▸ Instructions for the task: Output the complete listing exactly, please, and keep the pictures out of it.

▸ The data:
================

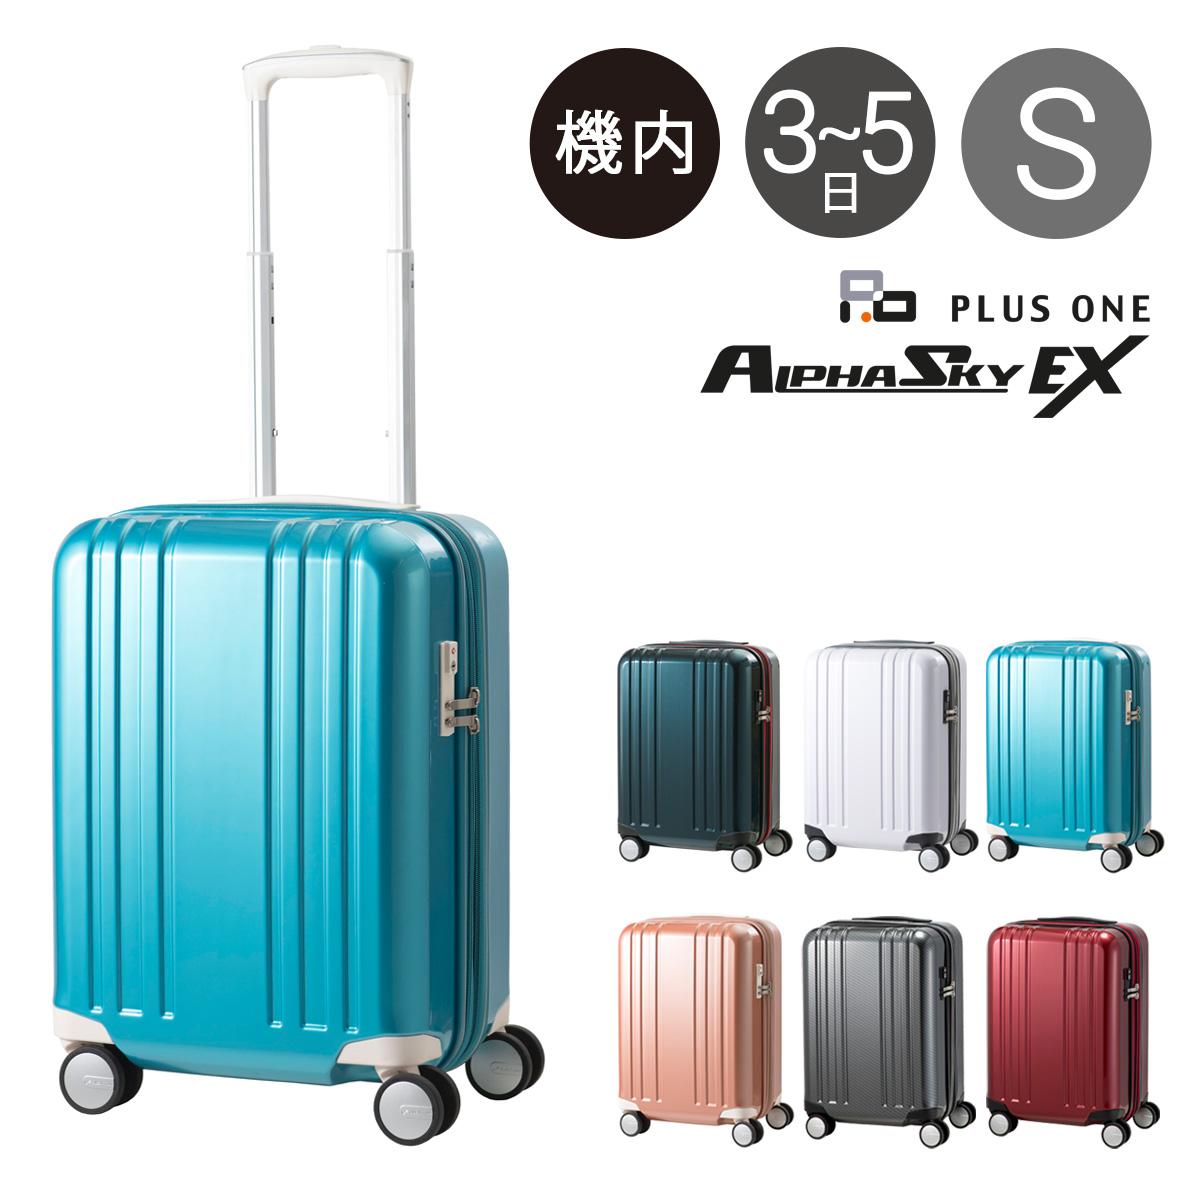 プラスワン スーツケース 4輪|機内持ち込み 45L 48cm 3.3kg 9911-48EX|軽量 拡張 ハード ファスナー|PLUSONE アルファスカイ ALPHASKY EX|静音 TSAロック搭載 HINOMOTO キャリーバッグ キャリーケース[PO10][bef]
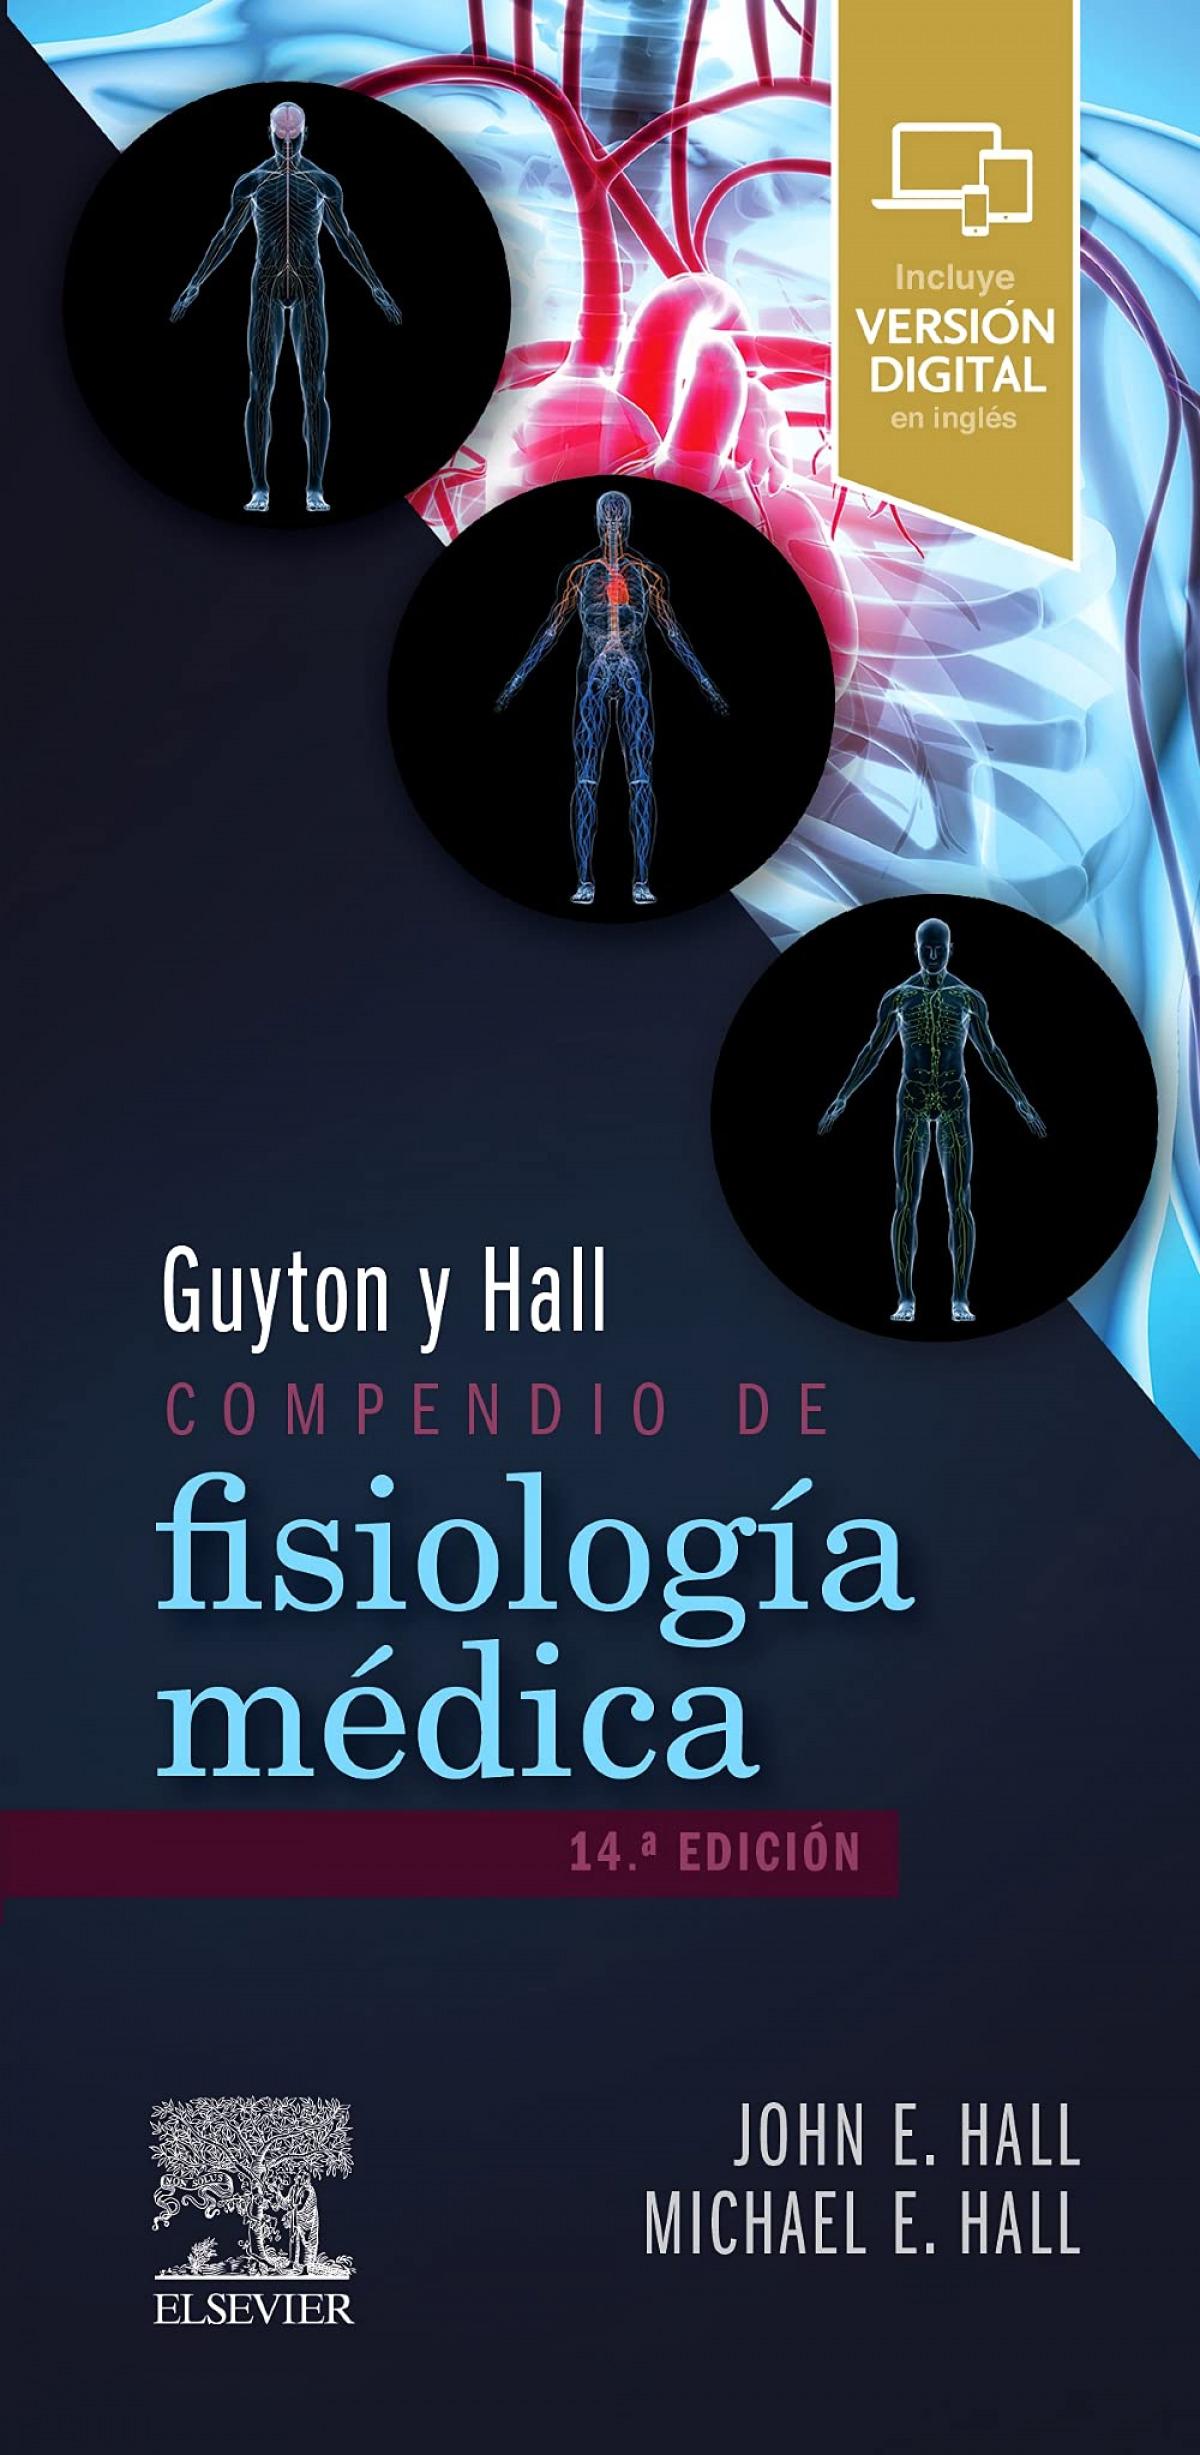 Guyton y Hall. Compendio de fisiología médica (14ª ed.)
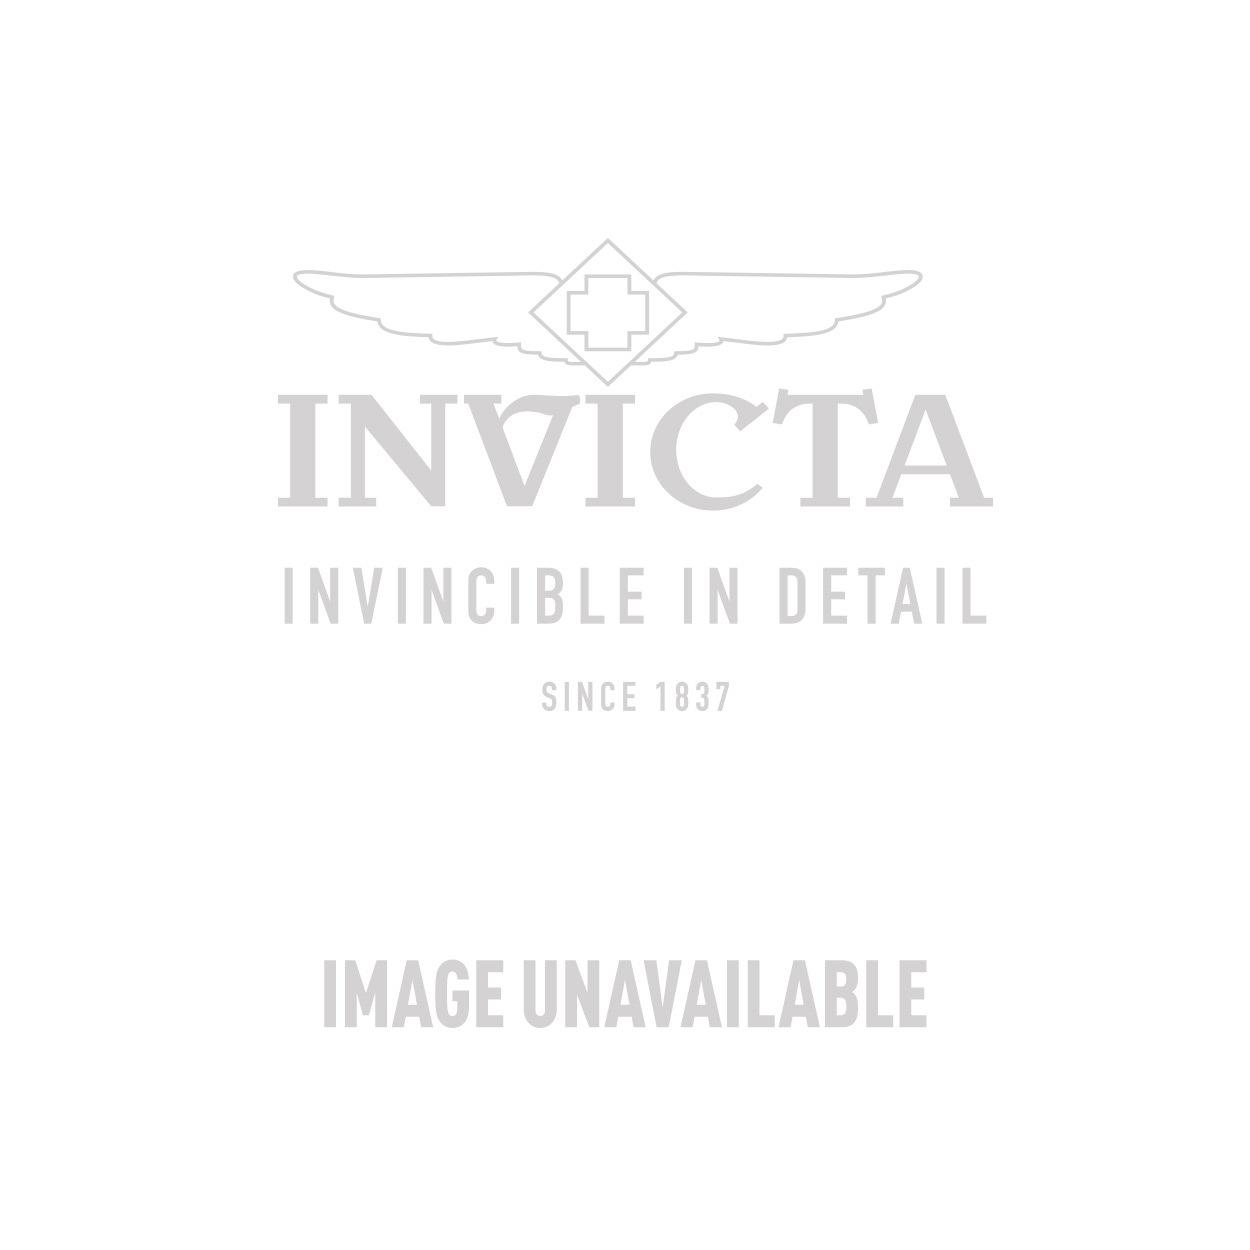 Invicta Model 25484
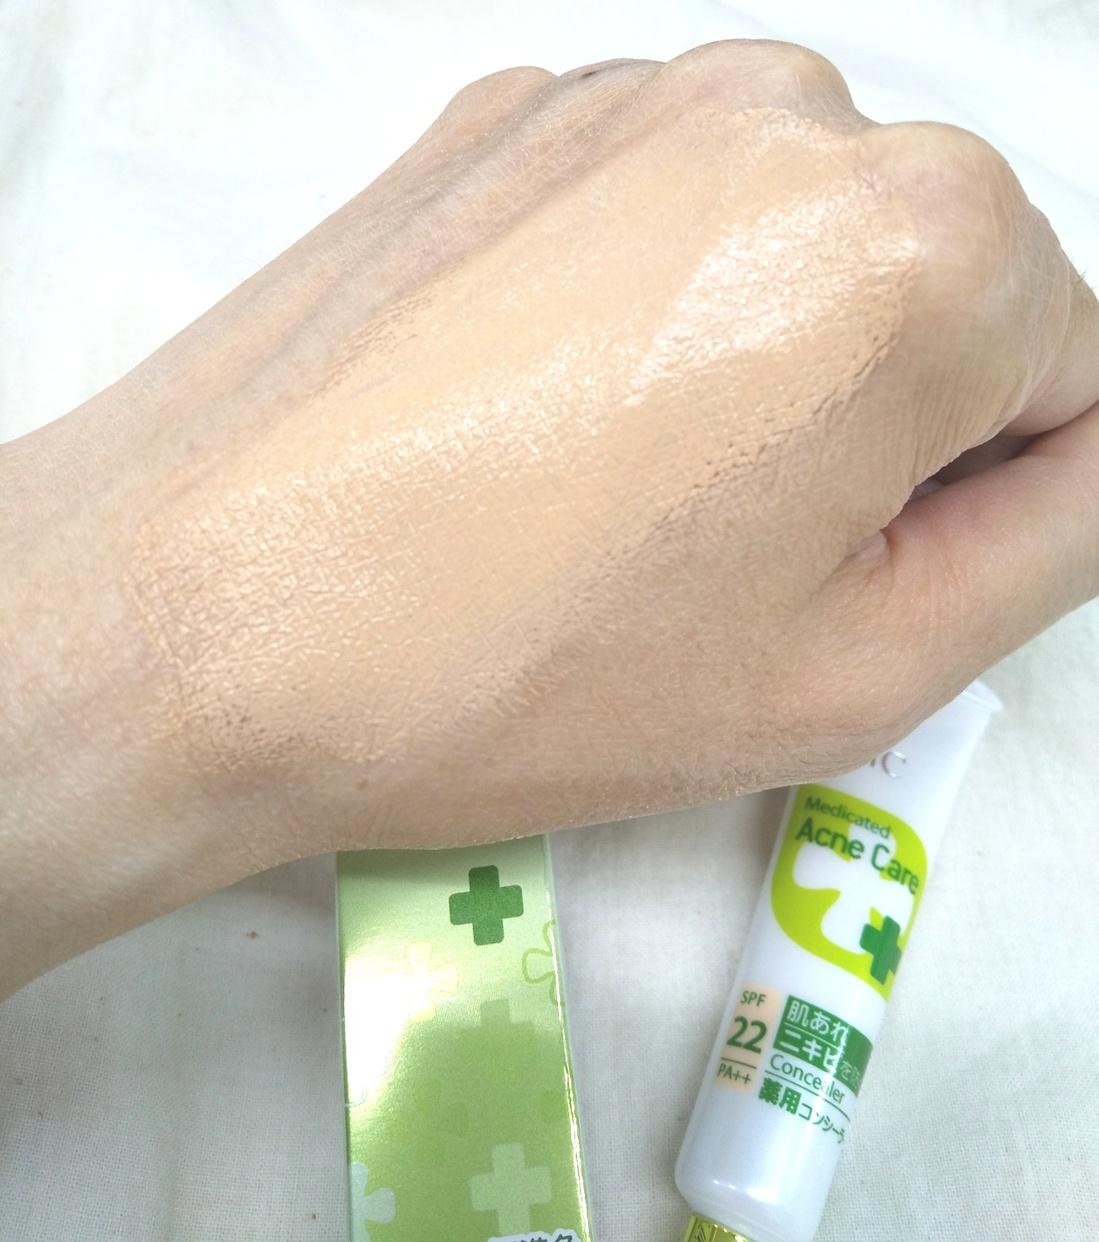 DHC(ディーエイチシー) 薬用アクネケア コンシーラーを使ったカサブランカさんのクチコミ画像3

================

▸ Written response:
 プラスワン スーツケース 4輪|機内持ち込み 45L 48cm 3.3kg 9911-48EX|軽量 拡張 ハード ファスナー|PLUSONE アルファスカイ ALPHASKY EX|静音 TSAロック搭載 HINOMOTO キャリーバッグ キャリーケース[PO10][bef]
 Guyton y Hall. Compendio de fisiología médica (14ª ed.)
 Invicta Model 25484
 DHC(ディーエイチシー) 薬用アクネケア コンシーラーを使ったカサブランカさんのクチコミ画像3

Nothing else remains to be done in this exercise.